I have always wanted a Celine box in ombré lizard skin and was lucky enough to score one 2 weeks ago in UK. However, after doing some research on this lizard skin, I don’t know if I should keep this beauty. They say the white part of the ombré will eventually turn yellow (especially if you expose it under the sun). Has this happened to anybody??? Please let me know cause I really want to keep this beauty. But given the price, if the white can’t remain white in the future after usage, I don’t think it’s worth to pay so much for a bag that will turn yellow


----------



## Deleted member 676086

My friend had the mini clasp in this leather and it did turn yellow and she had to sell it


----------



## wish4astar

angelaccpan said:


> My friend had the mini clasp in this leather and it did turn yellow and she had to sell it



Thanks for your comment! Was it really bad? After how long from when she was purchased till it turned yellow?


----------



## Deleted member 676086

wish4astar said:


> Thanks for your comment! Was it really bad? After how long from when she was purchased till it turned yellow?



I think it was 1-2 years after she bought it, and it was yellow to a level that she no longer wanted it or thought it looked nice


----------



## Fifilabelle

wish4astar said:


> Hi girls,
> 
> I have always wanted a Celine box in ombré lizard skin and was lucky enough to score one 2 weeks ago in UK. However, after doing some research on this lizard skin, I don’t know if I should keep this beauty. They say the white part of the ombré will eventually turn yellow (especially if you expose it under the sun). Has this happened to anybody??? Please let me know cause I really want to keep this beauty. But given the price, if the white can’t remain white in the future after usage, I don’t think it’s worth to pay so much for a bag that will turn yellow



Hi there, just wondering if you kept this bag and if it turned yellow after all? In the same situation now but don’t want to spend the $$$ if I’ll have this sort of experience in the end!


----------



## Miarta

Fifilabelle said:


> Hi there, just wondering if you kept this bag and if it turned yellow after all?
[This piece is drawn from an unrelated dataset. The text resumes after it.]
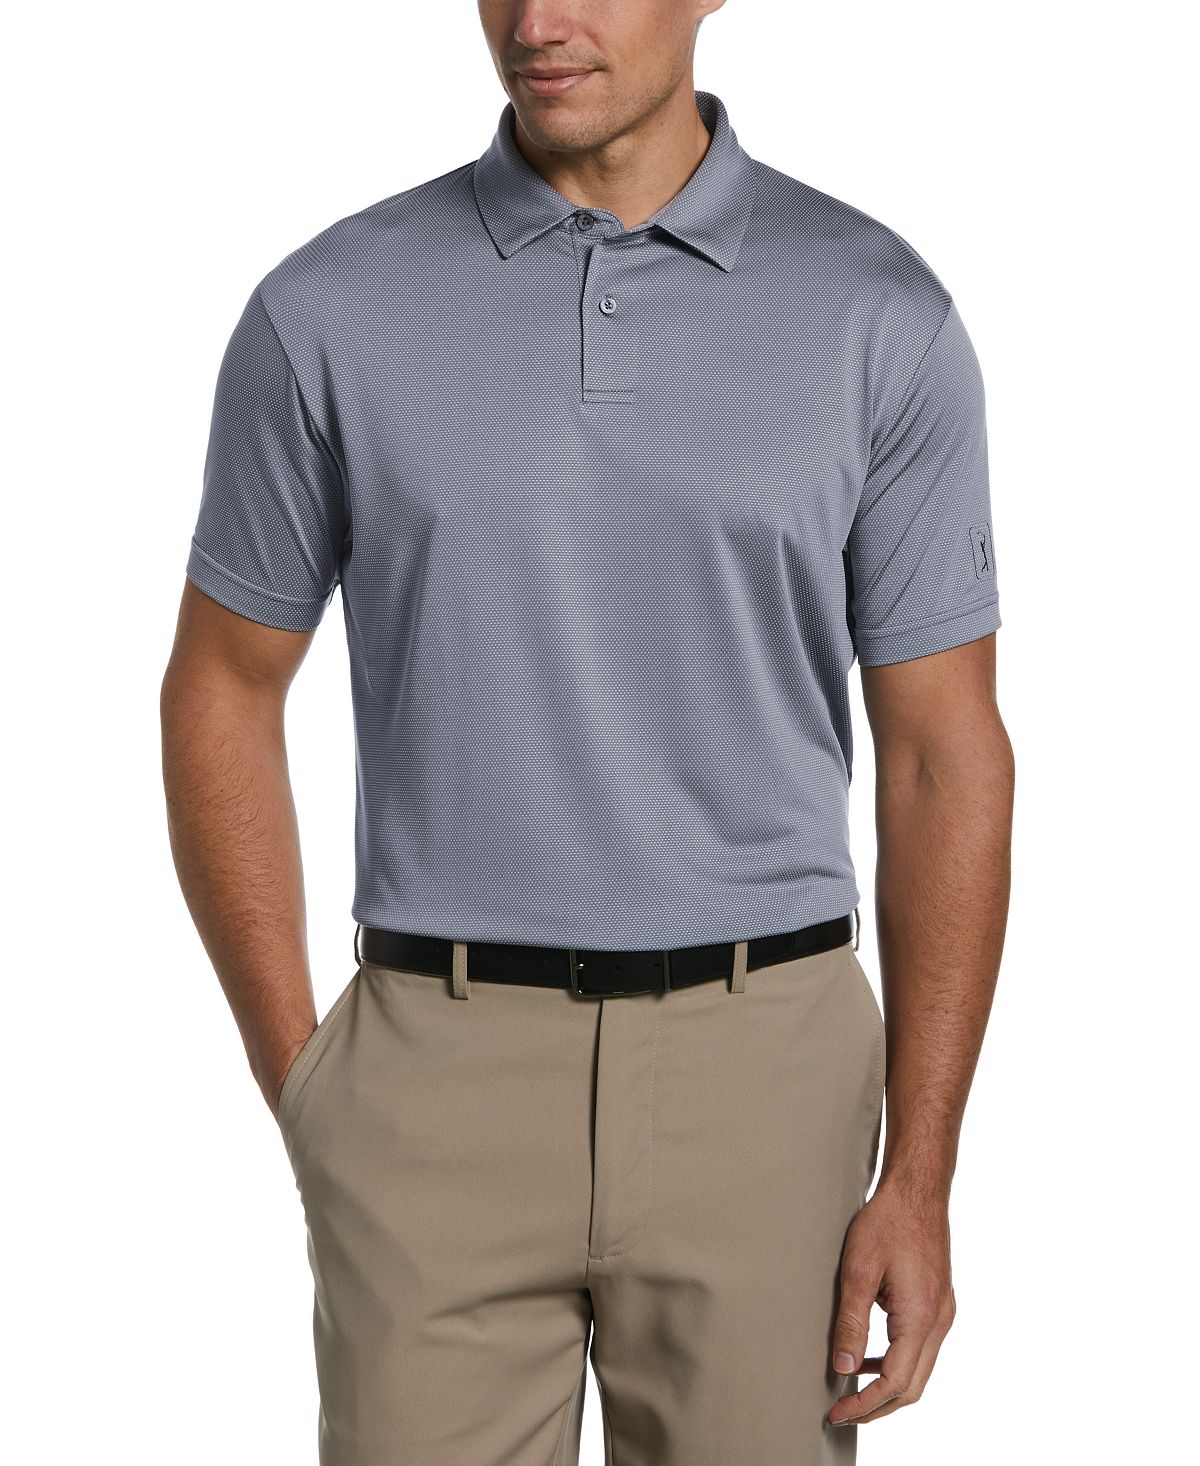 Мужская рубашка-поло с короткими рукавами и фактурной текстурой «птичий глаз» PGA TOUR мячи для гольфа nxt tour s 50 шт качество aaa идеальное сочетание мячей для гольфа tour nxt tour для каждого игрока в гольф
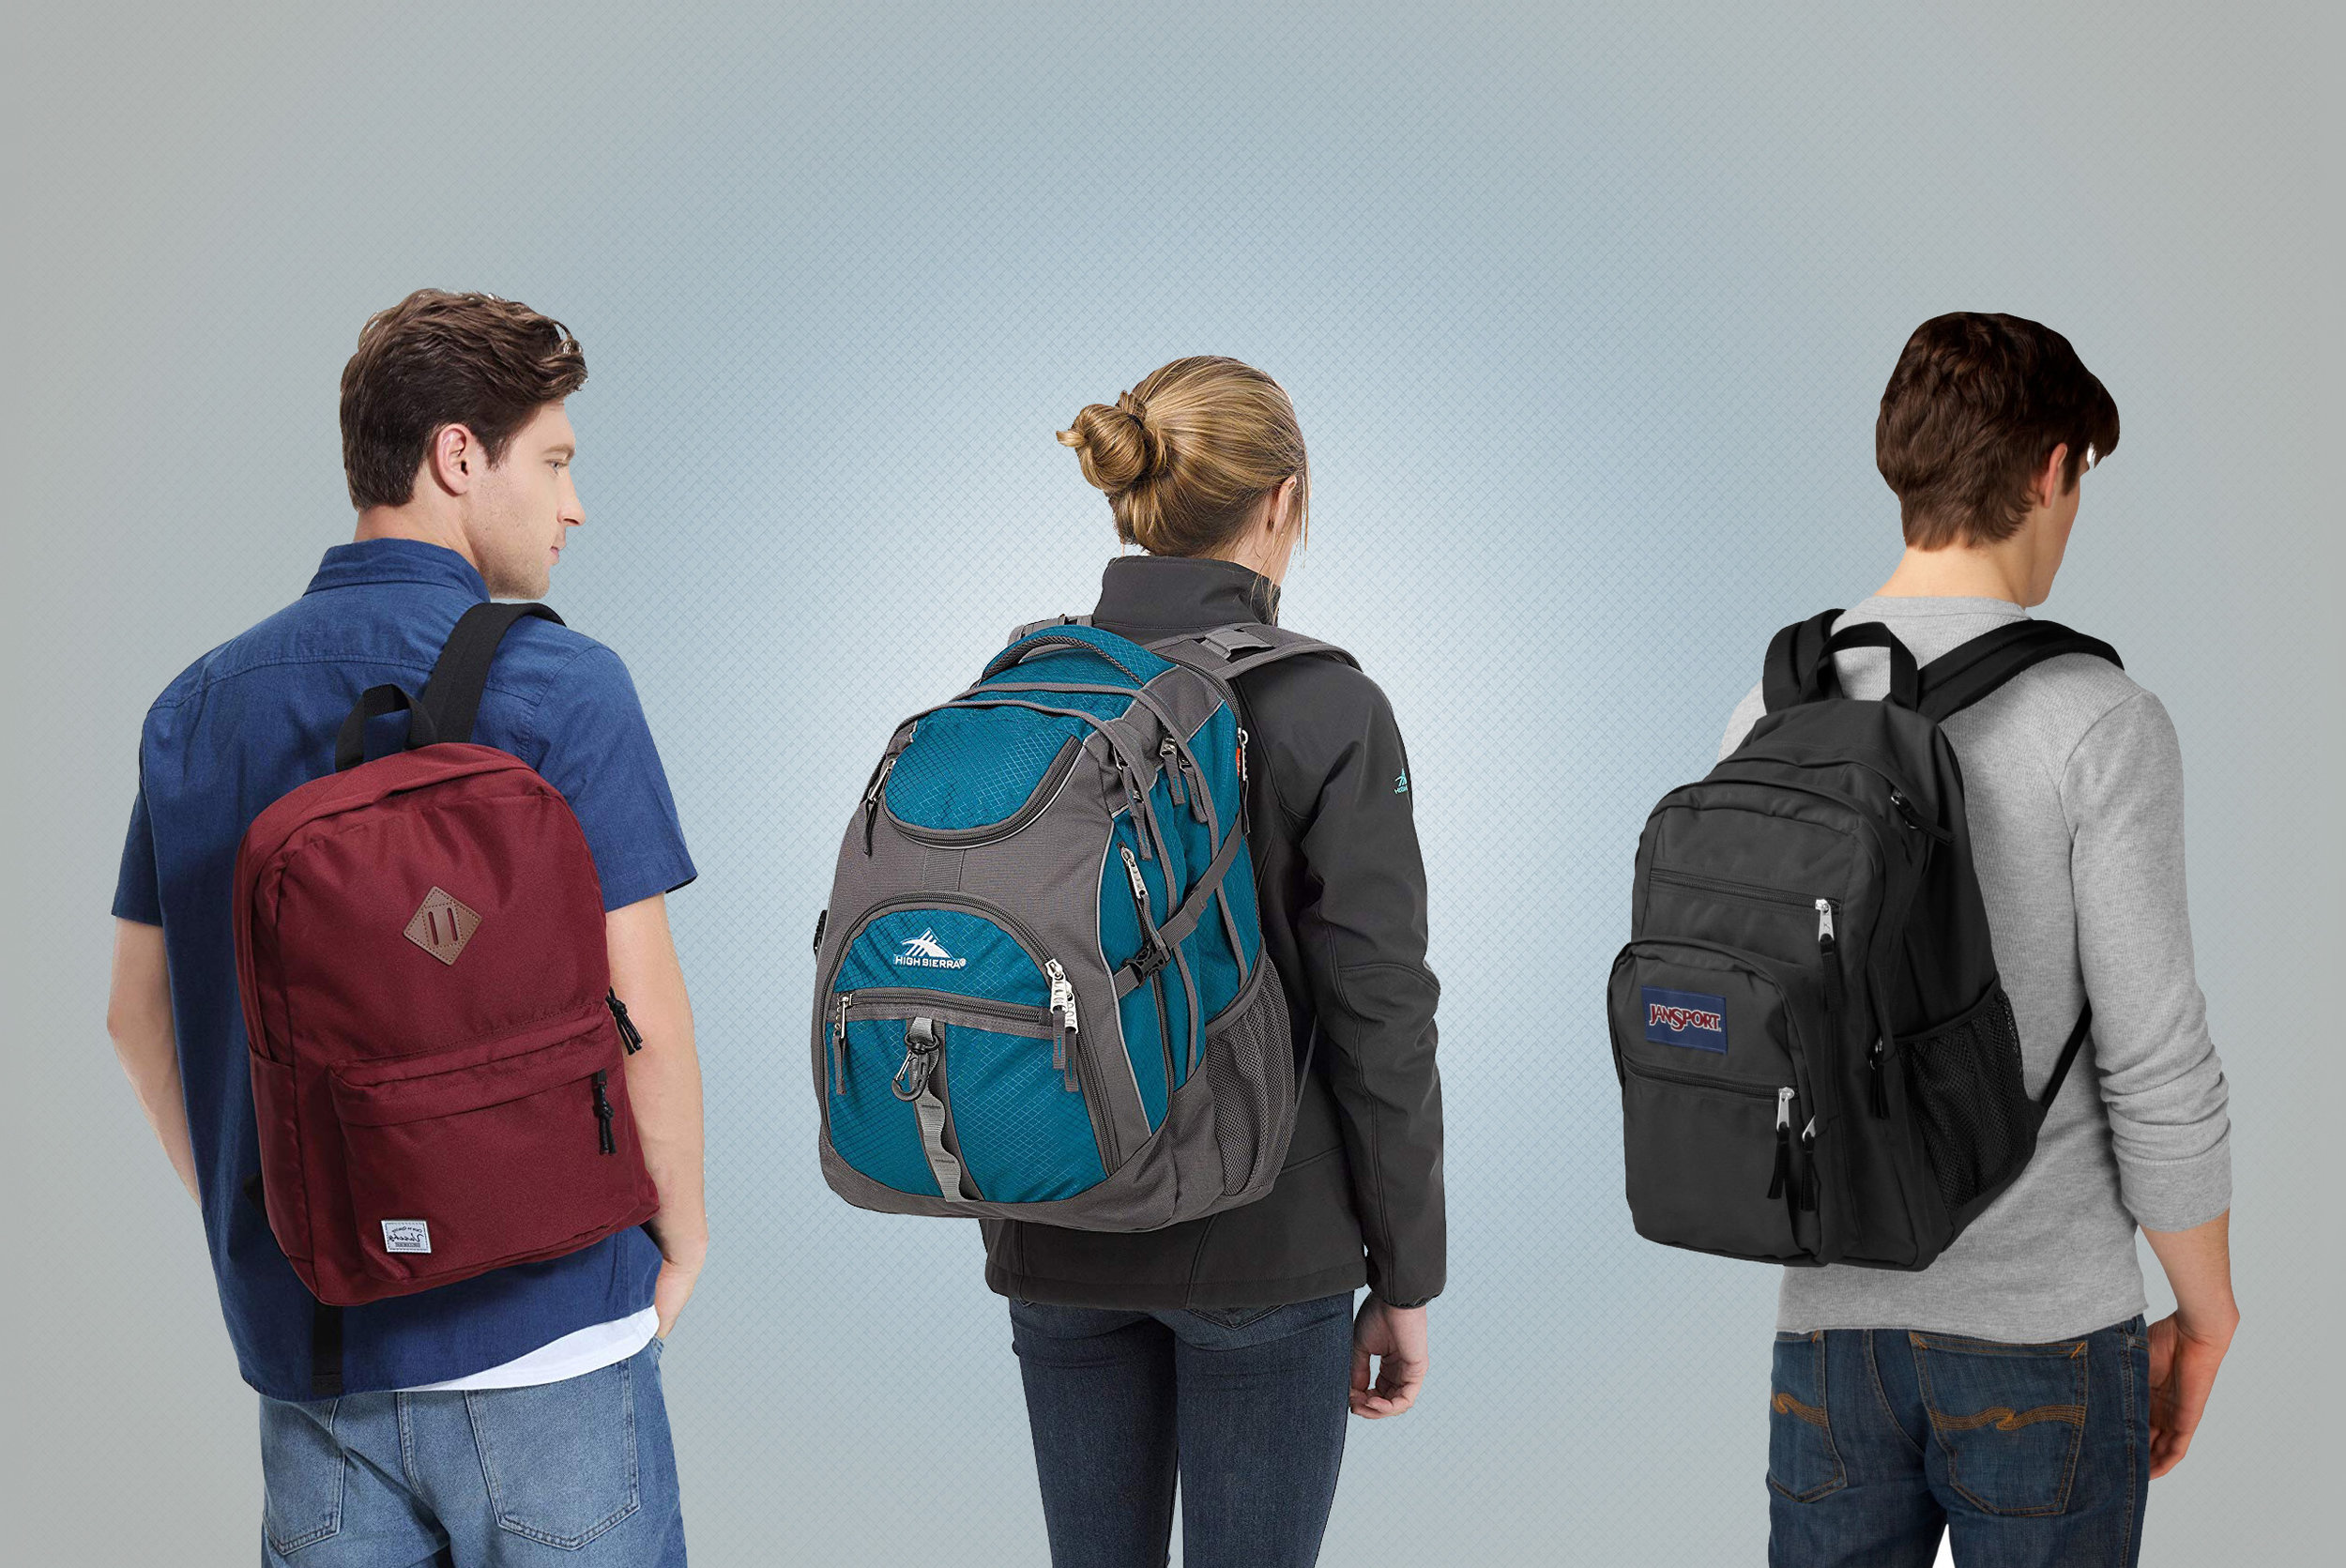 Best Cheap Backpacks For School

In the same situation now but don’t want to spend the $$$ if I’ll have this sort of experience in the end!


Hi there, I just read post and see that nobody answered your question. I have different brand bag same lizard skin and it does turn yellow. It’s a matter of likes or not. I kept mine I like the look of it, it got patina thing going on. But then i don’t baby my things, bags ,shoes ,jewelry, clothing is there to serve and make me happy not other way around .


----------



## Fifilabelle

Miarta said:


> Hi there, I just read post and see that nobody answered your question. I have different brand bag same lizard skin and it does turn yellow. It’s a matter of likes or not. I kept mine I like the look of it, it got patina thing going on. But then i don’t baby my things, bags ,shoes ,jewelry, clothing is there to serve and make me happy not other way around .


Thanks so much for the info - I ended up not buying the bag mainly because I got the grey in the end. That one goes better with most of my wardrobe. But you are right that these things are all supposed to be enjoyed - good reminder for me because I can’t help babying them lol! Thanks a lot for replying! ❤️


----------